The UK will still be able to meet its clean power 2030 targets despite the fall of the Hornsea 4 offshore wind farm – but on a tighter margin.
The new analysis from LCP Delta explored the effects that Ørsted’s decision to discontinue its major 2.4GW Hornsea 4 project will have on the UK’s renewable industry.
What made the move significant was that the wind farm off the Yorkshire coast had already secured a Contract for Difference (CfD) in last year’s Allocation Round 6 (AR6).
While Ørsted left the possibility of resurrecting Hornsea 4 in a different form open, its discontinuation took a bite out of the UK’s procured clean energy capacity, at a stroke almost removing the entirety of AR6’s offshore wind additions.
According to LCP Delta’s analysis, the project would have generated 12.8TWh of clean power in 2030, over 4% of the total renewable generation volume for that year.

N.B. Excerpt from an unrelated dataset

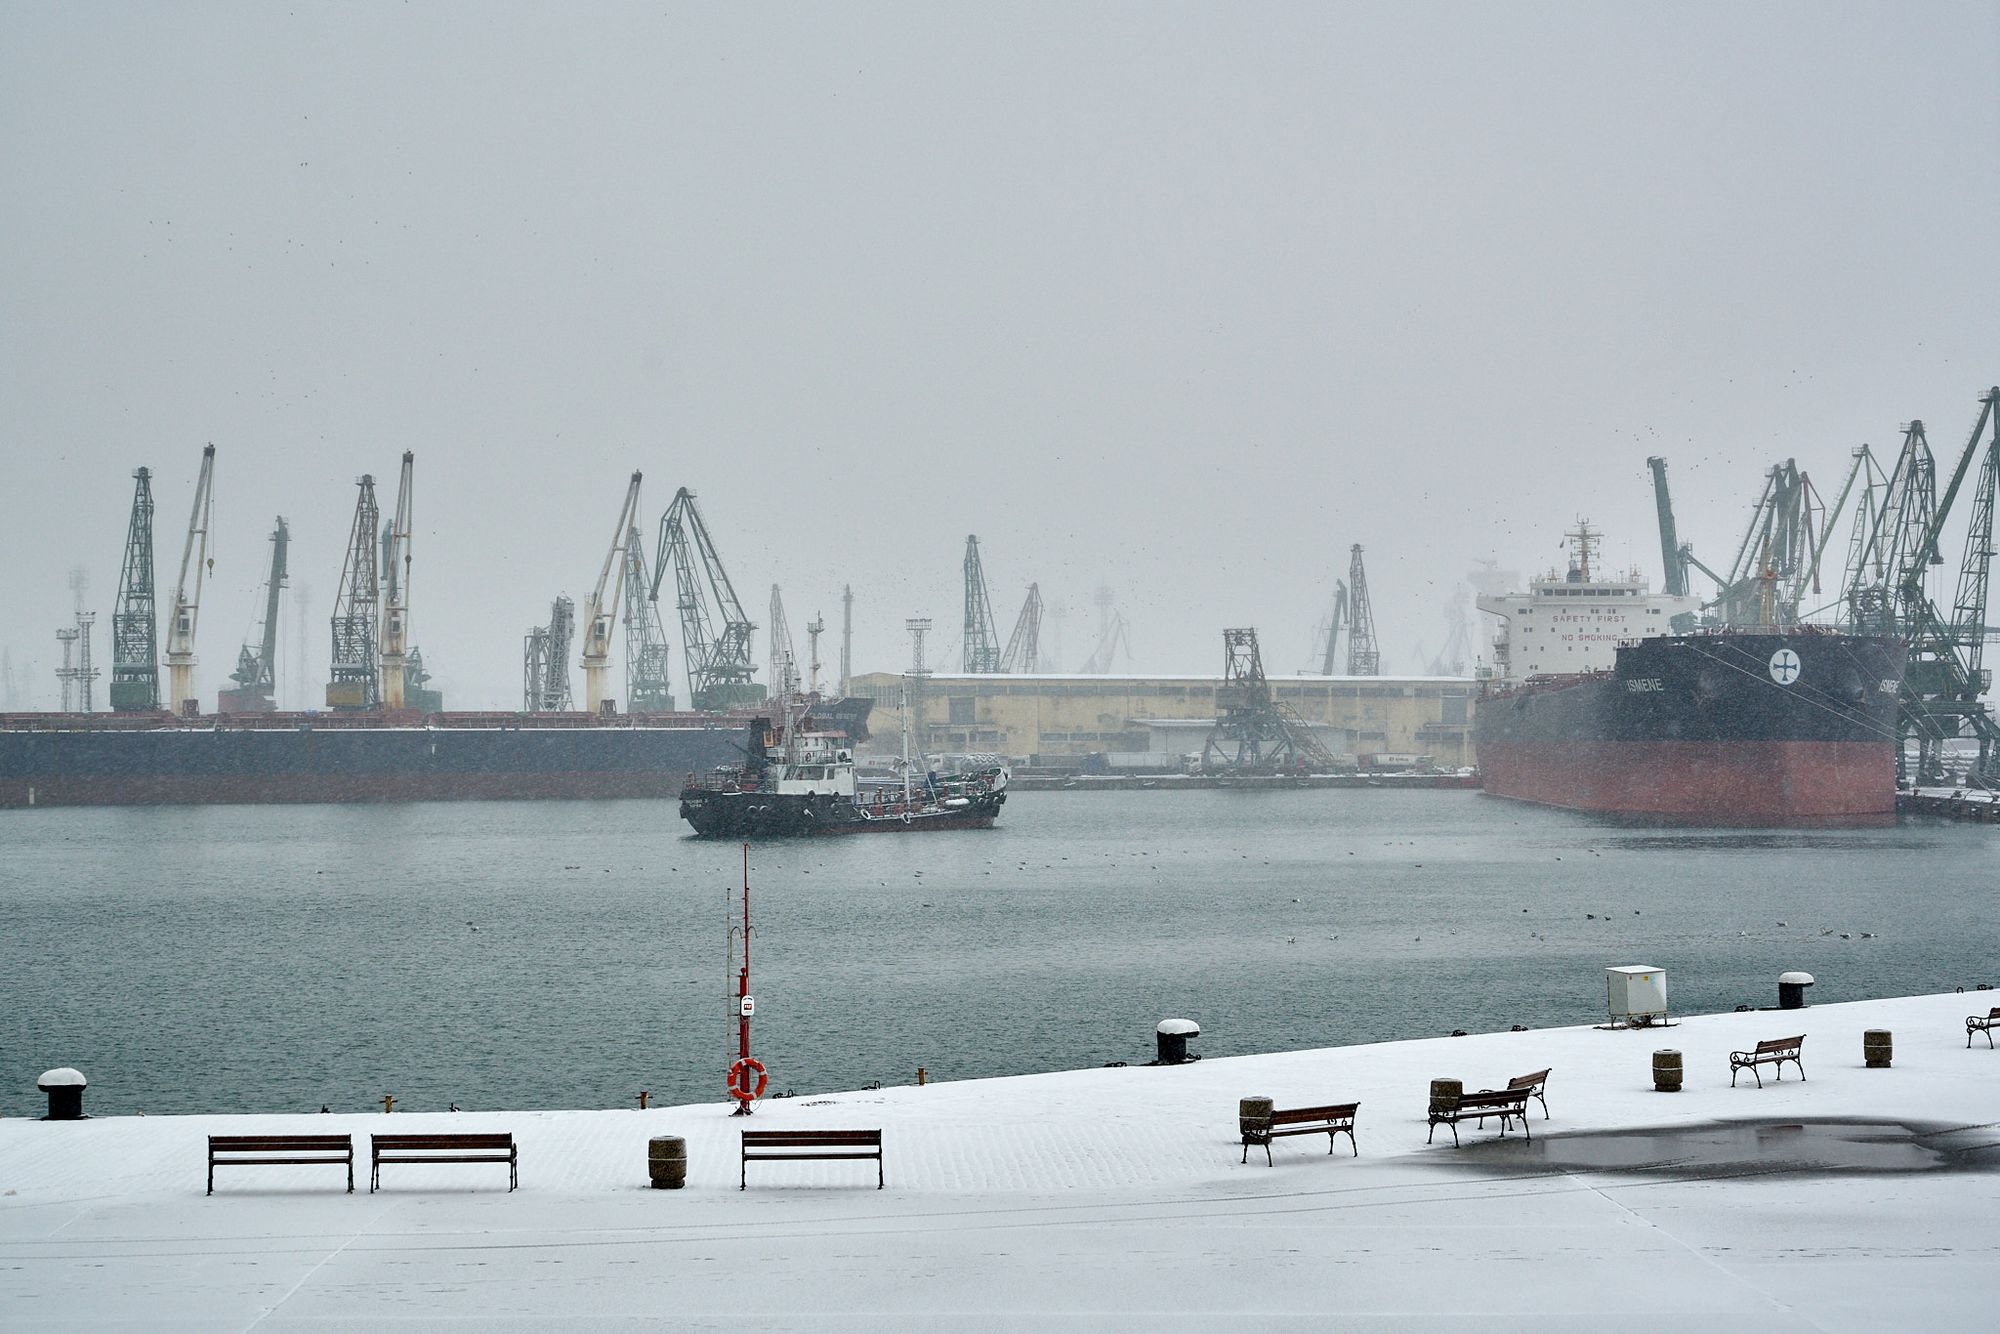 Varna port in winter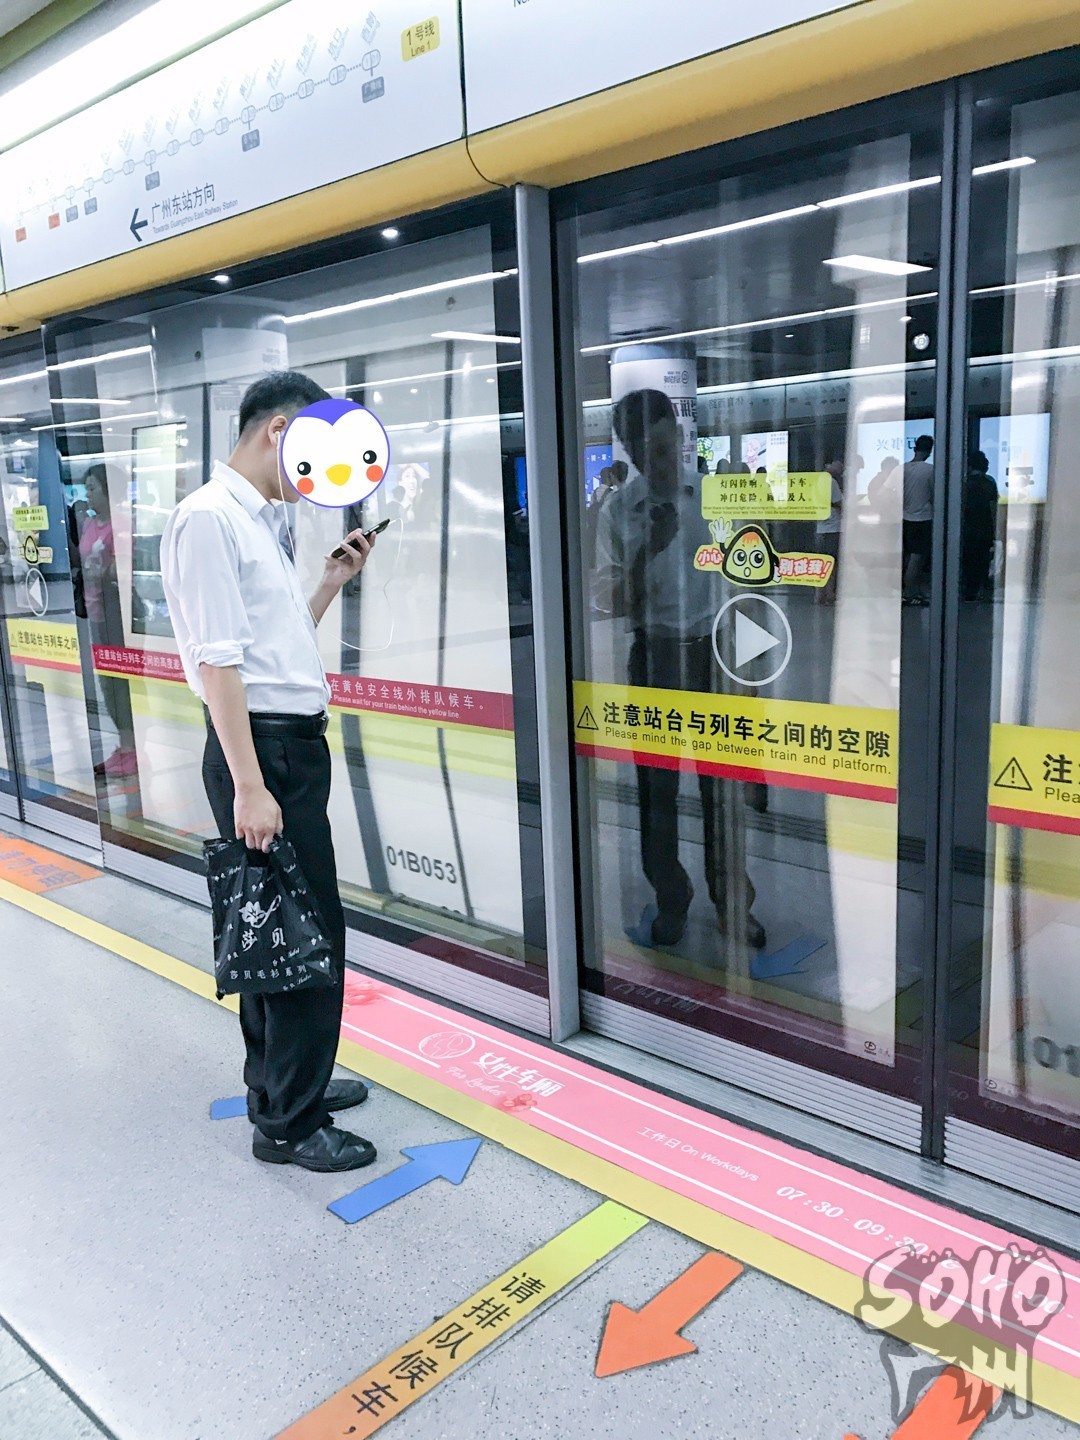 尴尬!广州地铁"女性车厢"试行第一天,亲自体验看到的却是

Removing it would mean that the UK would generate 95.3% of its power from clean energy, down from 95.6% with Hornsea 4, in 2030.
This would keep it above the targeted 95% level.
“Hornsea 4 is not essential to reach Clean Power target. However, we must understand if it is the start of shaky investor confidence or if the termination was due to project-specific issues from Ørsted – as clean power targets cannot take much more,” LCP Delta’s report noted.
Hornsea 4 – Why did it happen?
At the time, the Danish developer said that “several adverse developments” had emerged in the months since it received its CfD, including higher supply chain costs and interest rates, as well as more risk in constructing and operating the project on its planned timeline.
While LCP Delta noted that other these challenges confronted other companies, Ørsted’s financial model increased its exposure.
According to the group’s analysts, Ørsted’s strategy was focused on growing quickly in an environment with stable costs. However, this left little room for error.
When the issues Orsted cited hit, the company was left relying on fixed revenues from similar deals to a CfD, while also dealing with high debt.
By comparison, other developers had more modest growth plans and broader business models, helping them absorb rising costs.
Clean power 2030 – what now?
The UK government recently revealed potential changes to how it will procure offshore wind in this year’s AR7, which will need to fill the Hornsea 4 shaped hole in the country’s capacity.
Analysts had previously warned that the UK uses a more developer-friendly system in its CfDs compared to other countries, imposing minimal penalties for failing to deliver projects.
This gives developers little incentive to stick with a contract if they believe prices could rise or that costs could fall in the future.
With the UK’s first four Allocation Rounds taking place in a more stable economy, the last two have occurred against a more turbulent background.
LCP Delta warned this could see additional developers terminating their agreements in future as they seek more favourable terms.
In order to avoid this, while still attracting bids for projects, the group noted that UK could incorporate some expected non-delivery into its procurement targets, introduce termination fees, or move some projects outside the CfD mechanism to a separate support scheme.
However, this could push up prices for offshore wind power.